La semaine dernière, Sammy Woodhouse a raconté dans des détails déchirants comment collégienne elle avait été préparée pour le sexe par un gang pédophile notoire à Rotherham… et a ensuite été trahie par les autorités.

Aujourd’hui, dans le dernier extrait de son nouveau livre, Sammy révèle comment finir par accepter les années d’abus l’a entraînée dans une spirale de dépression, de culpabilité et de pensées suicidaires. Mais le pire était à venir.

Bien qu’elle ait lancé une quête courageuse pour traduire en justice son agresseur, la police et les services sociaux ont encore une fois échoué et, ce faisant, elle a risqué de perdre ses enfants. Ici, avec un courage remarquable, Sammy décrit comment elle a réussi à dévoiler l’un des plus grands scandales de la protection de l’enfance des temps modernes.

Je n’oublierai jamais ce moment. C’était l’automne 2012 et je faisais la queue dans une station-service quand j’ai jeté un coup d’œil à la une des journaux. Mon estomac est tombé par terre. Il y avait là, en noir et blanc, des allégations de fuites de dossiers suggérant que trois frères asiatiques [Note FDS: asiatique est un terme politiquement correct pour parler de Pakistanais] dont le nom était tu, étaient connus pour avoir manipulé et maltraité de jeunes adolescentes à Rotherham de 1999 à 2001, mais n’avaient jamais fait l’objet de poursuites judiciaires.

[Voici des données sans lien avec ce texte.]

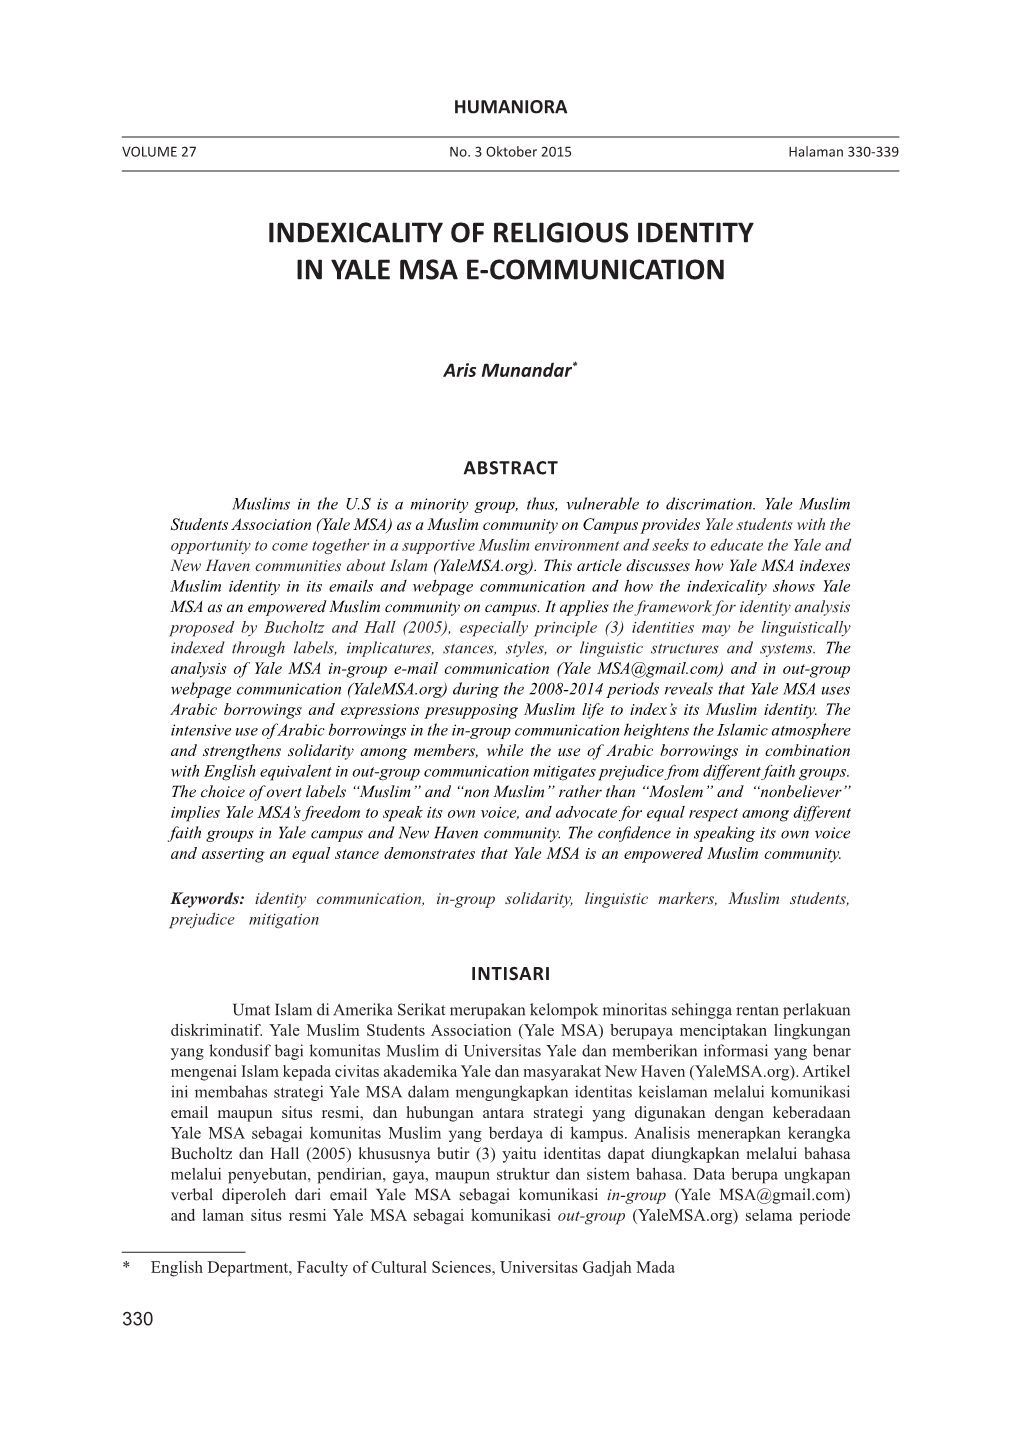 Indexicality of Religious Identity in Yale Msa E-Communication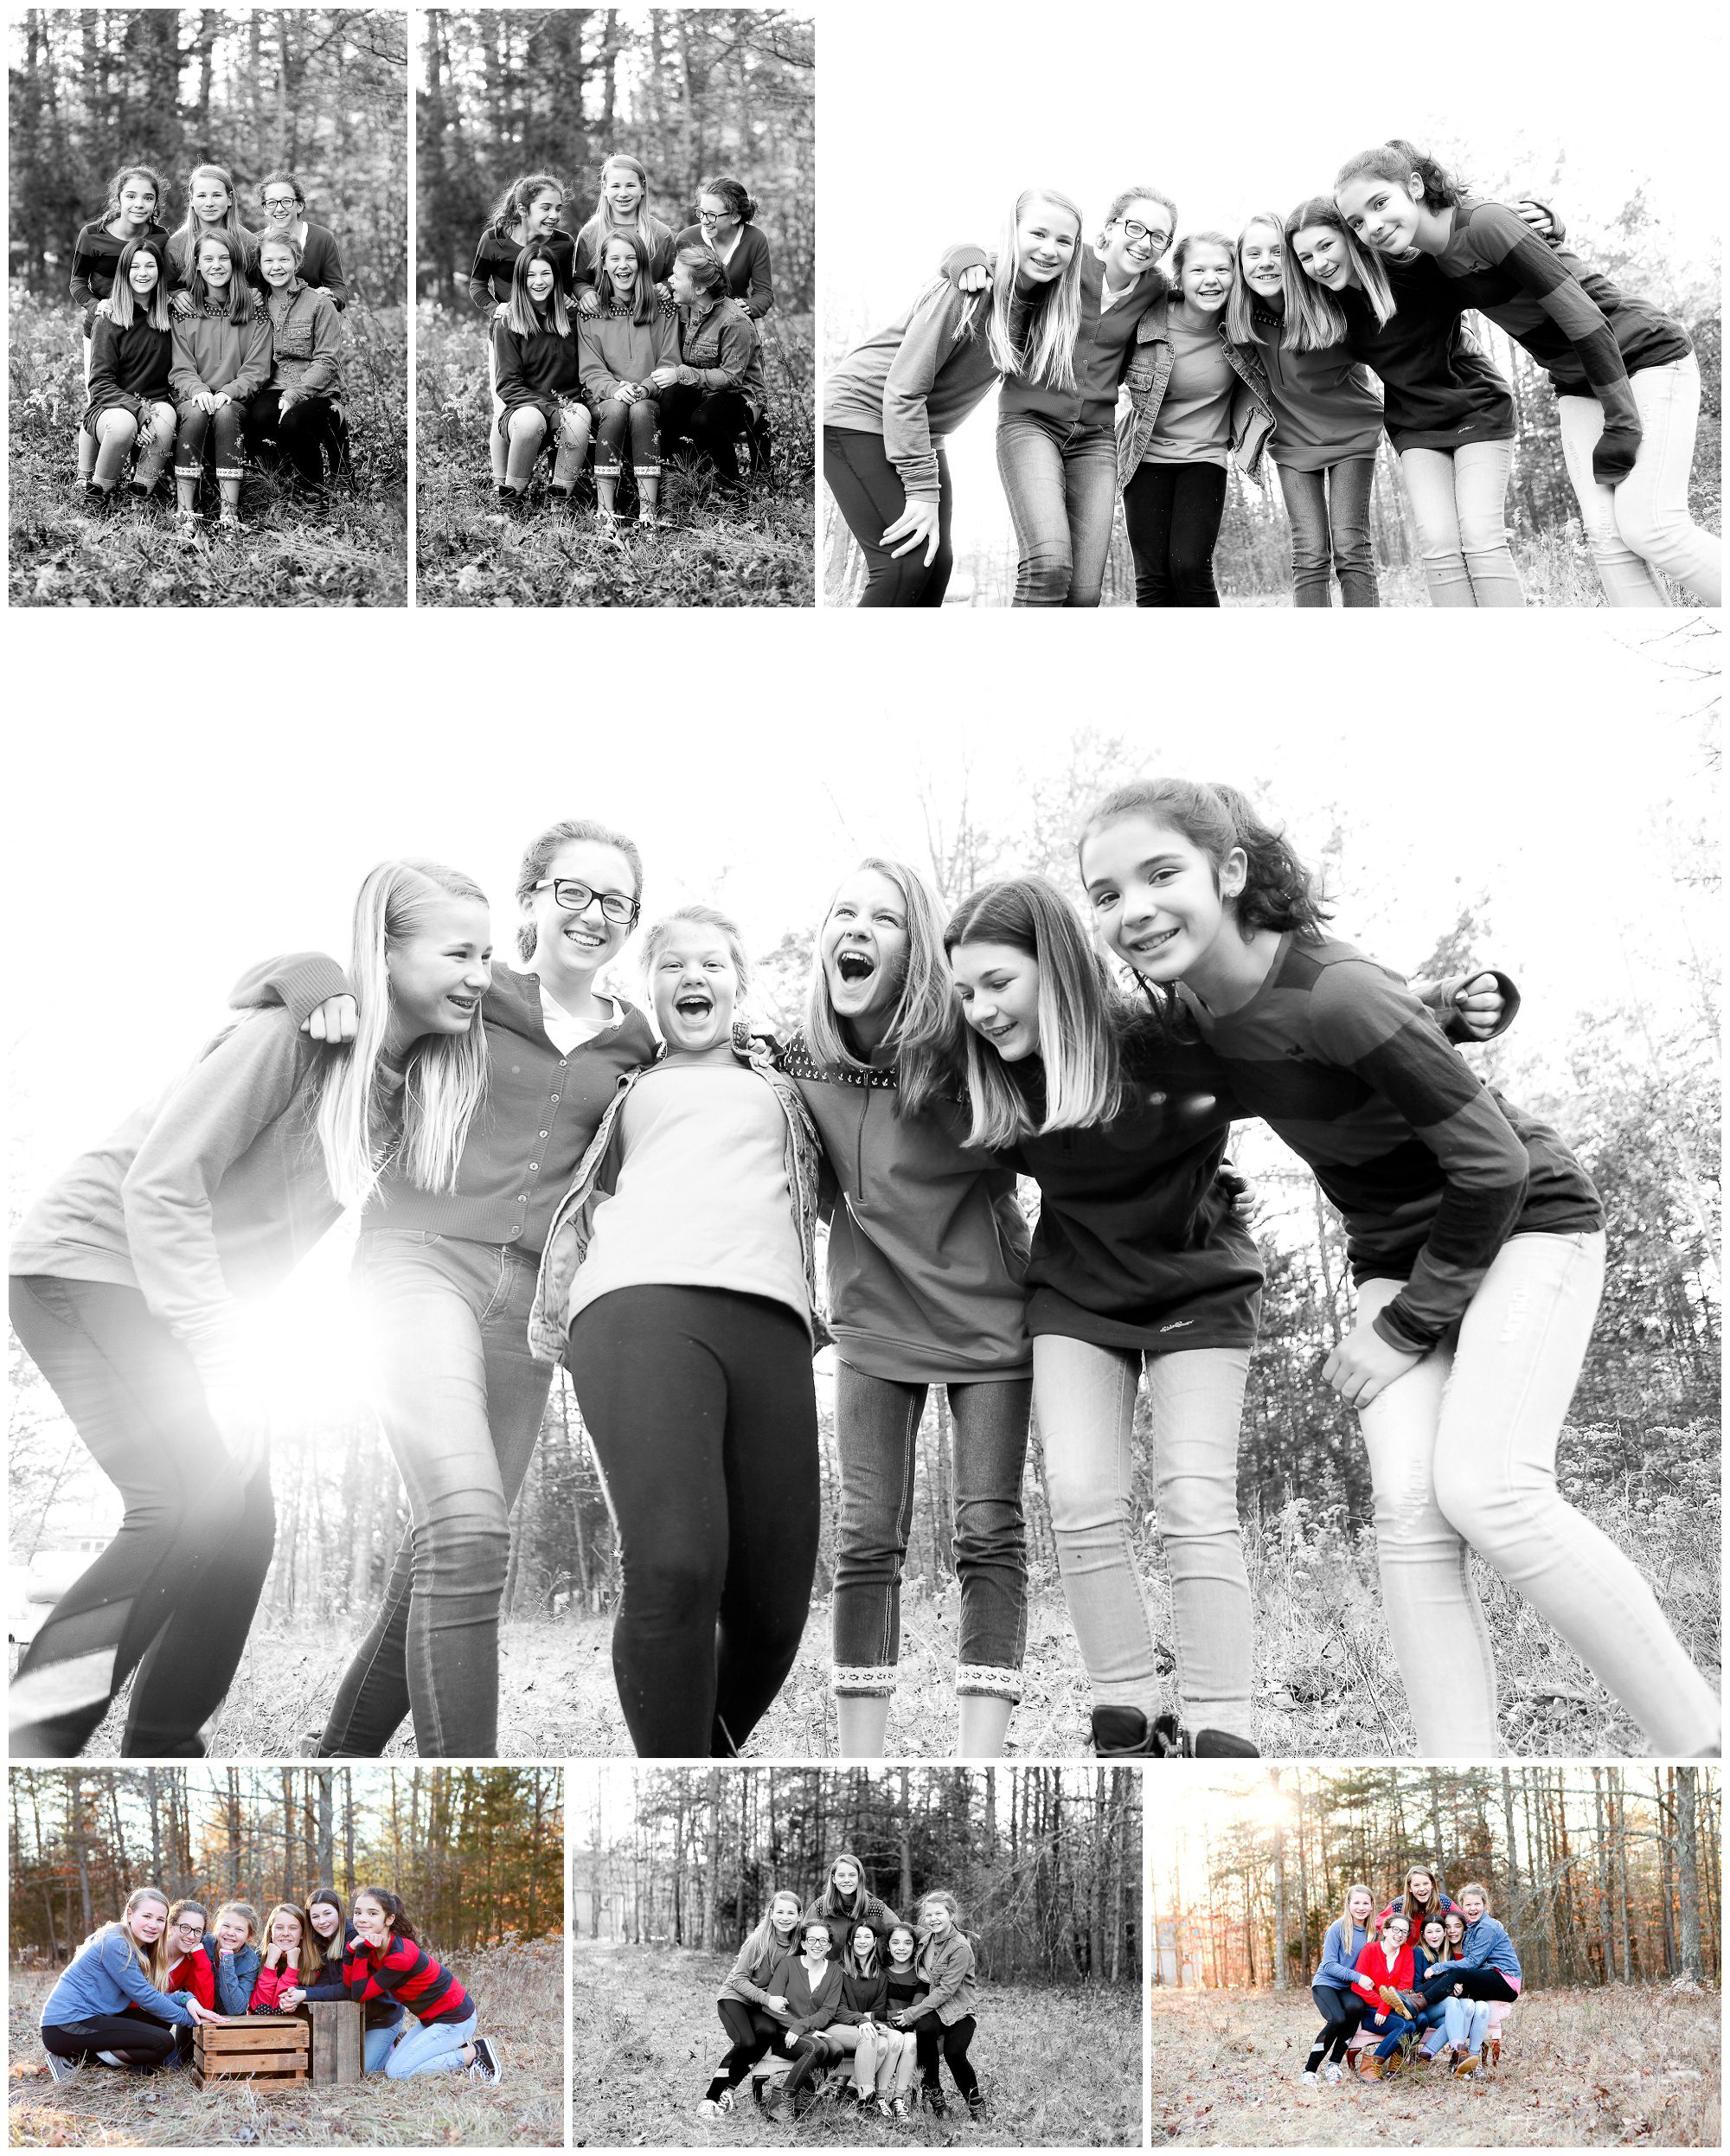 charlottesville friends 13 thirteen teenager tween portraits girls teens pictrues photographer fun friendship

Les rapports étaient horrifiants – 54 filles avaient cru que l’un de ces hommes était leur petit ami. Dix-huit pensaient qu’elles étaient la petite amie du meneur. Rendue malade, j’ai réalisé avec certitude que ces hommes étaient mon ancien petit ami, Arshid’Ash’ Hussain, et ses frères Basharat et Bannaras, connus sous le nom de Bash et Bono. C’était plus d’une décennie après la fin de ma relation avec Ash, et me voilà enfin confronté à l’effroyable vérité de ce qui m’était arrivé lorsque j’étais une collégienne de 14 ans.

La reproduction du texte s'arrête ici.